▶ What the exercise asks: Exactly reproduce the lines of the listing below from the one containing "Набор посуды для" through the one containing "Quiz & Worksheet". Skip the images.

▶ Source data:
*****
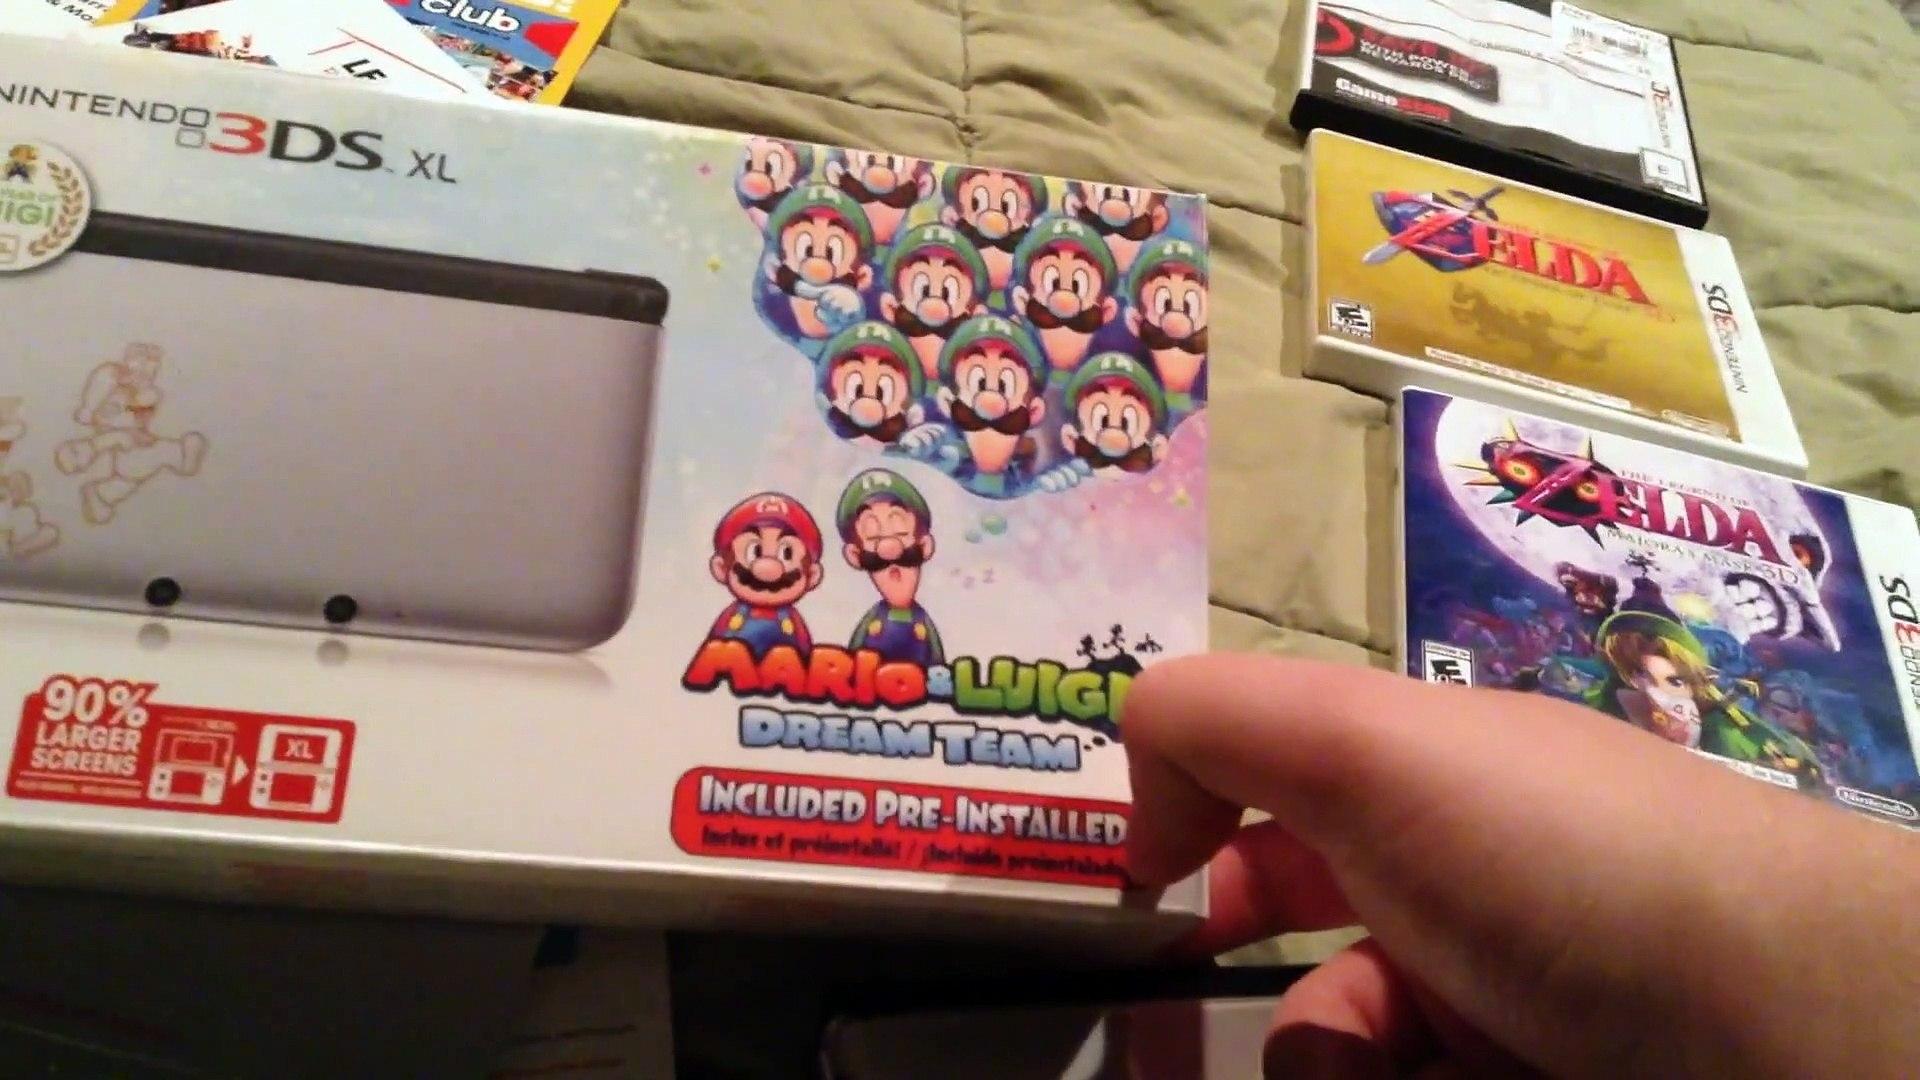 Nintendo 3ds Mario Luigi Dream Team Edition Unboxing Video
*****
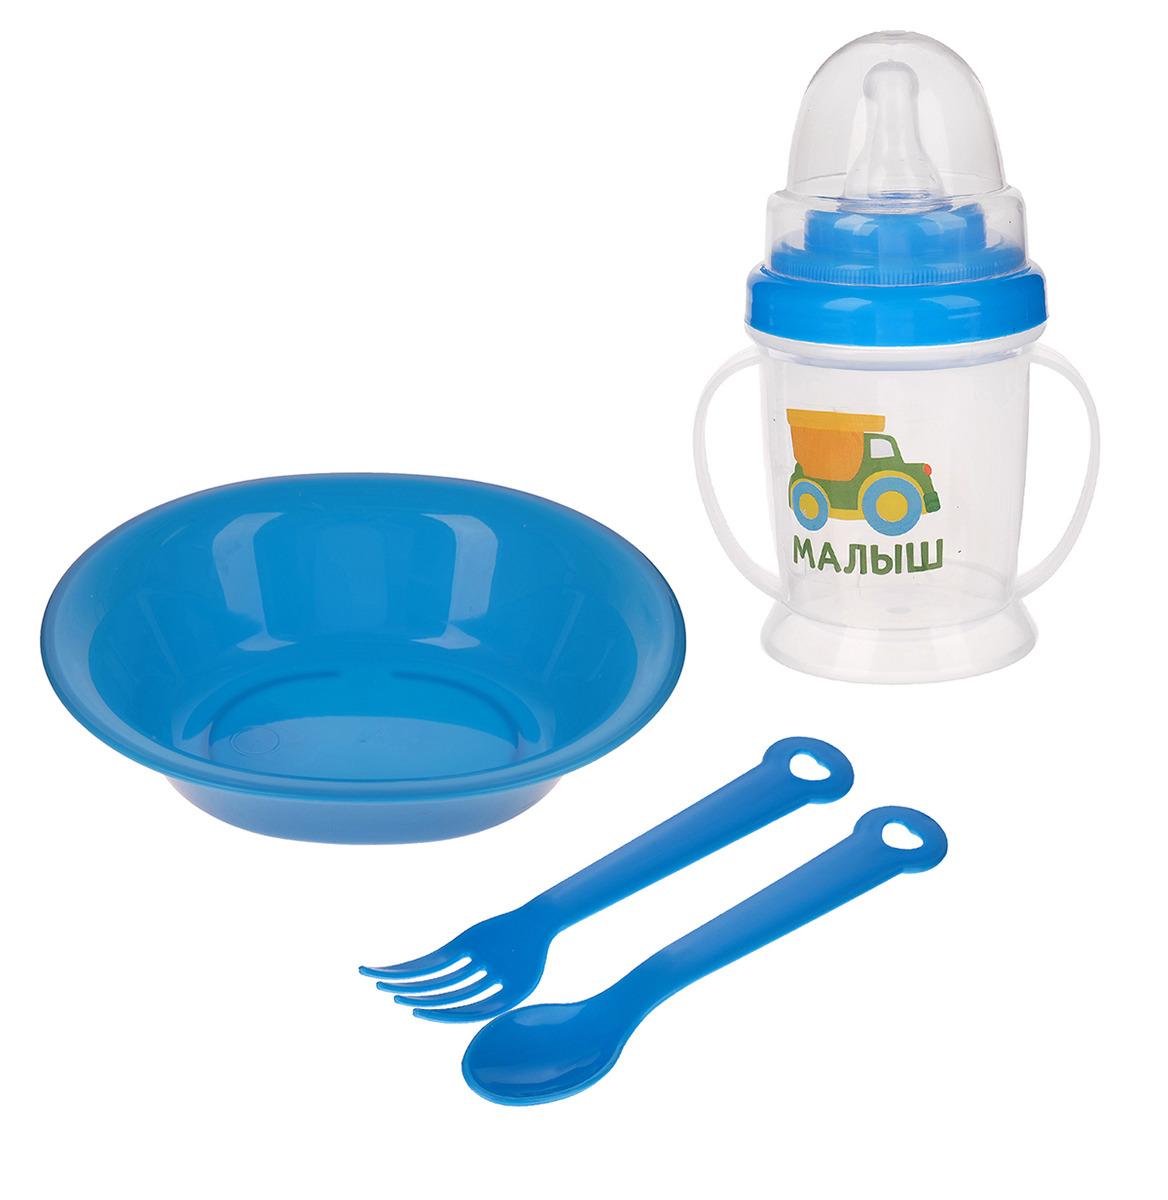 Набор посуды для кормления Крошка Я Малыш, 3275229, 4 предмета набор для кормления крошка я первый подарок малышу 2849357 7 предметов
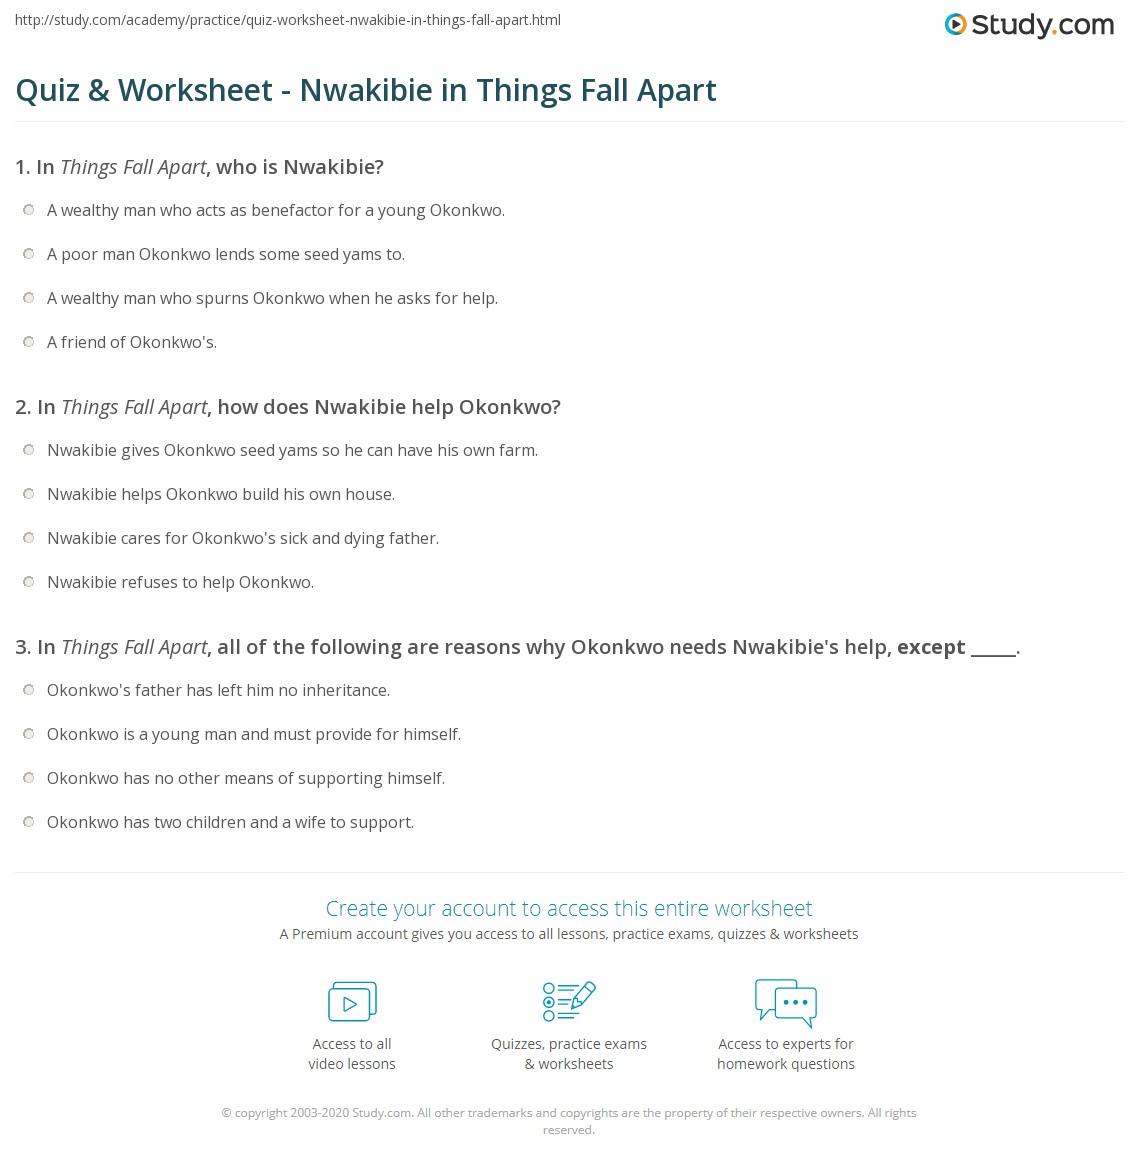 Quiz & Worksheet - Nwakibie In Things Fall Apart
*****
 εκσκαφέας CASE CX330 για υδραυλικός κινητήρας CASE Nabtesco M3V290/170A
*****
▶ Solution for this exercise:
 Набор посуды для кормления Крошка Я Малыш, 3275229, 4 предмета набор для кормления крошка я первый подарок малышу 2849357 7 предметов
 Quiz & Worksheet - Nwakibie In Things Fall Apart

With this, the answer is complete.